**WHAT TO WORK ON:**
From the first line to the last, give the material again exactly, without the images.

**PROVIDED MATERIAL:**
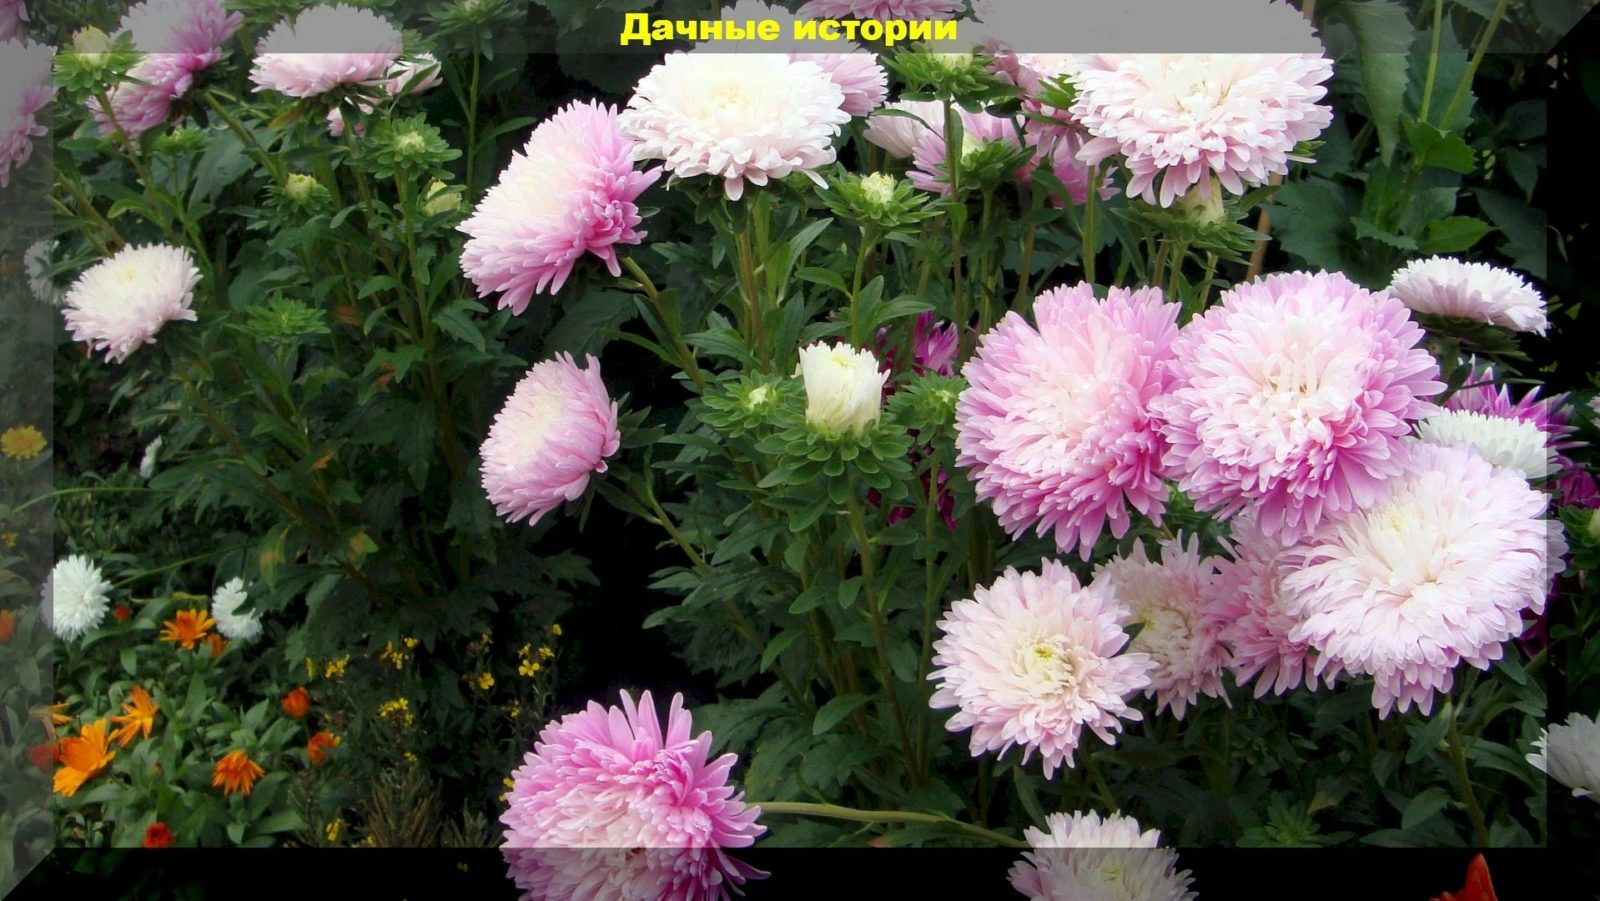 Нюансы выращивания астр через рассаду. Все просто, но вы удивитесь ее пышному цветению
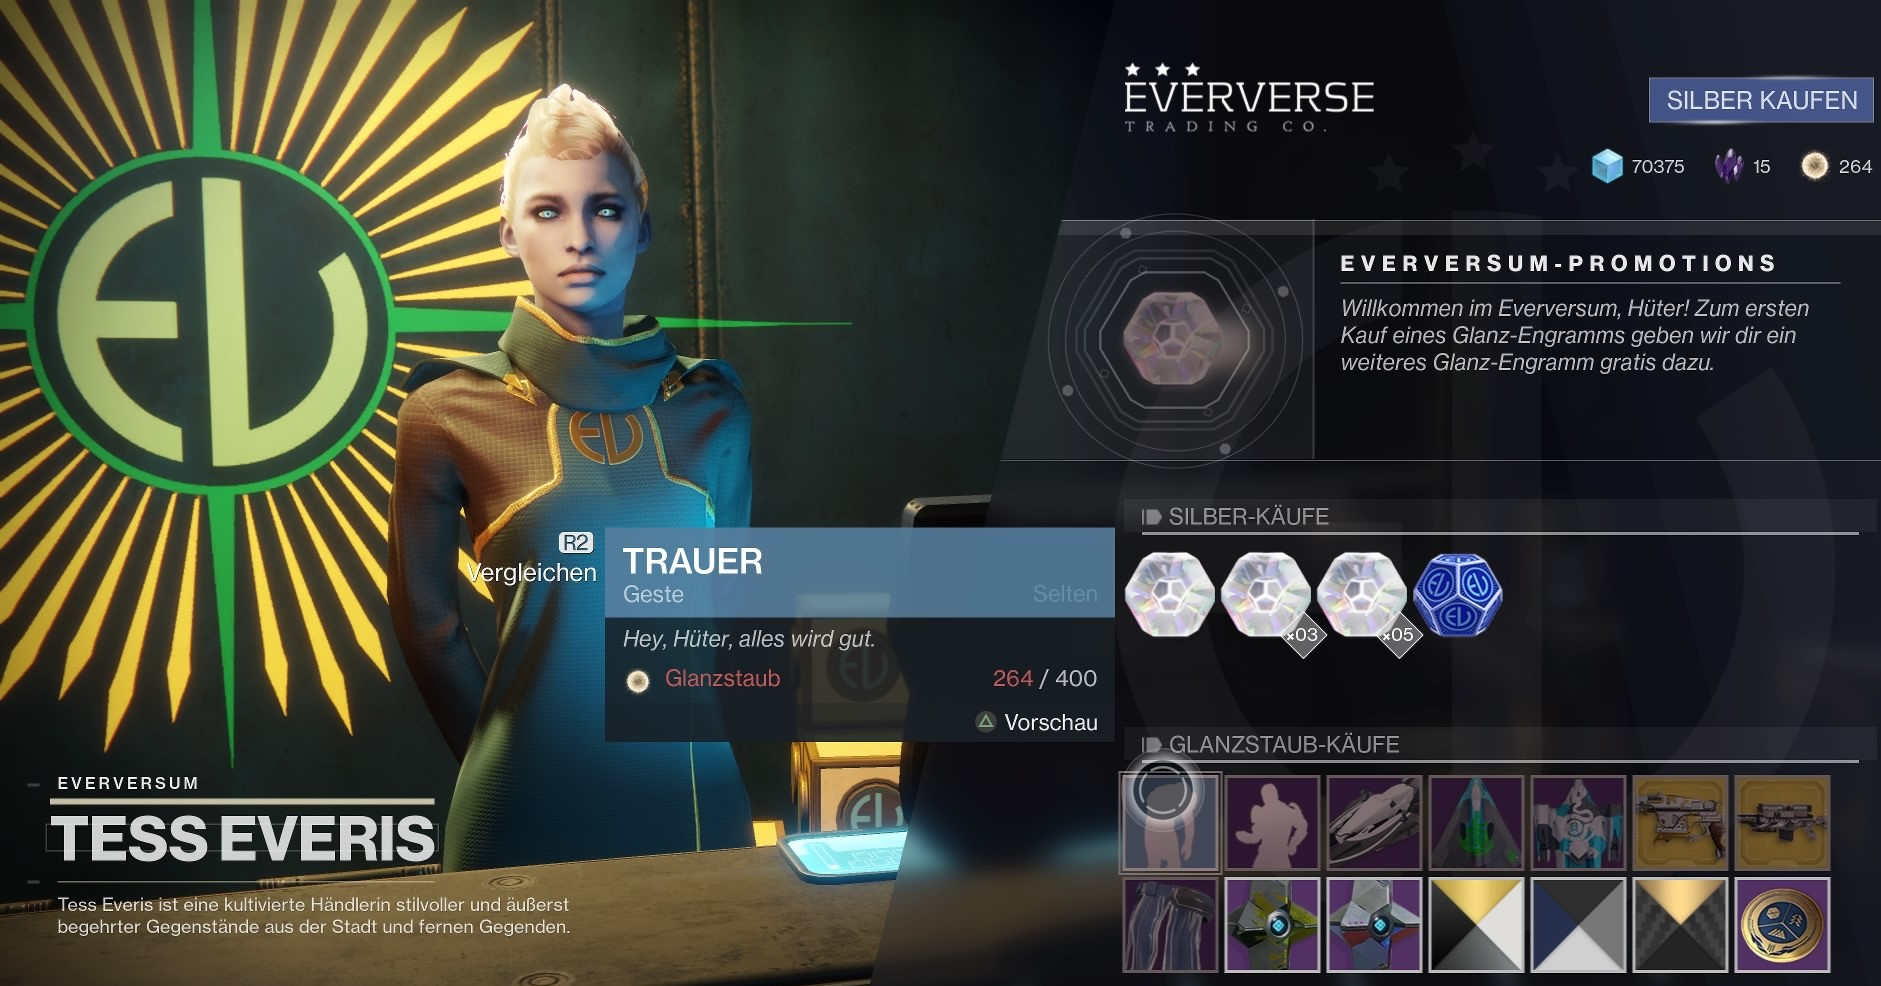 Destiny 2: Trotz schwieriger Stimmung herrschen goldene Zeiten im Cash-Shop – Bungie reagiert
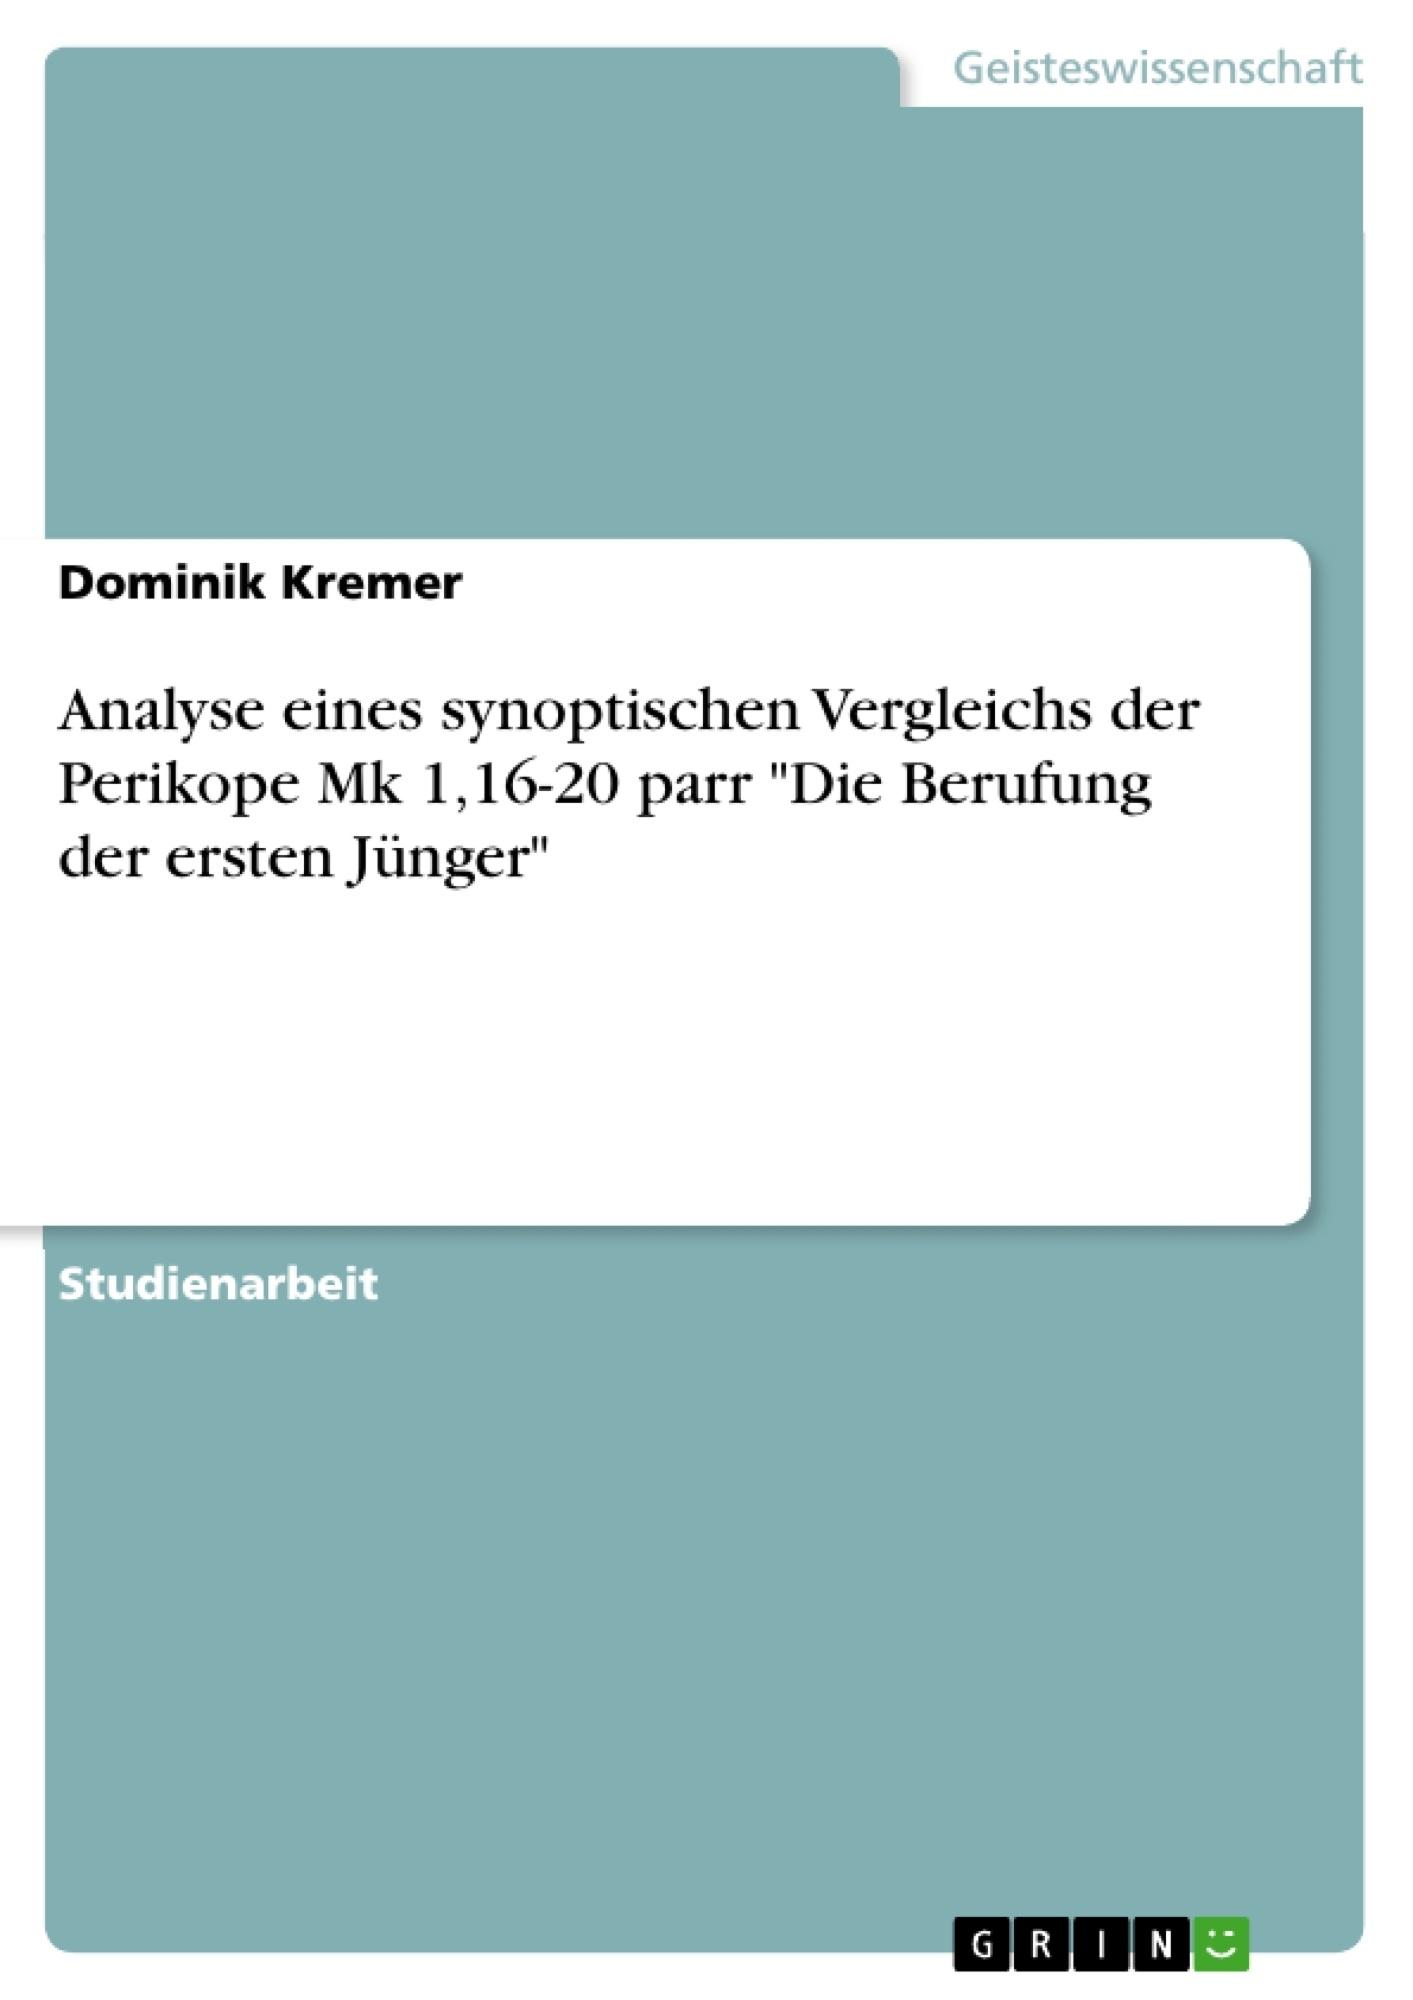 """Titel: Analyse eines synoptischen Vergleichs der Perikope Mk 1,16-20 parr """"Die Berufung der ersten Jünger"""""""
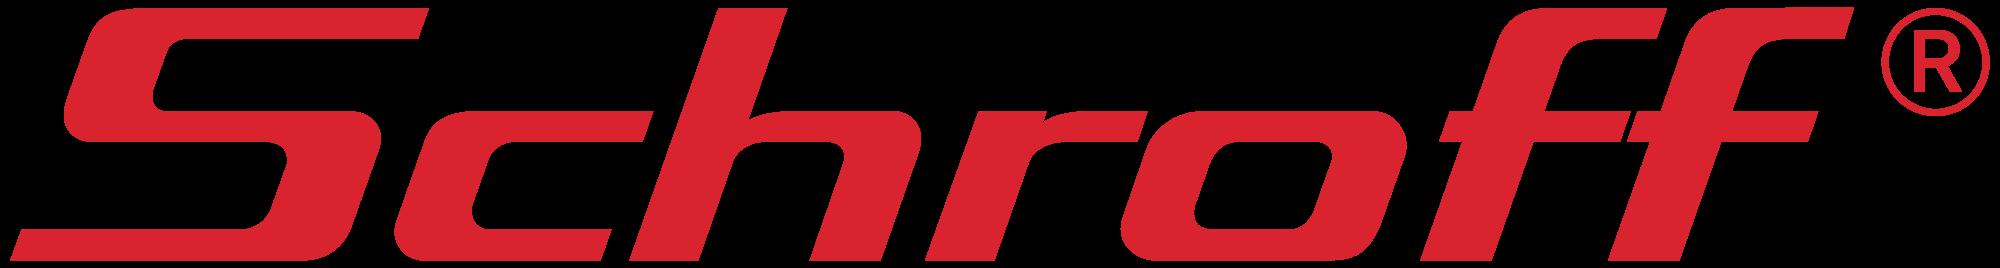 File:Schroff logo.svg.

**RESPONSE TO THIS TASK:**
 Нюансы выращивания астр через рассаду. Все просто, но вы удивитесь ее пышному цветению
 Destiny 2: Trotz schwieriger Stimmung herrschen goldene Zeiten im Cash-Shop – Bungie reagiert
 """Titel: Analyse eines synoptischen Vergleichs der Perikope Mk 1,16-20 parr """"Die Berufung der ersten Jünger"""""""
 File:Schroff logo.svg.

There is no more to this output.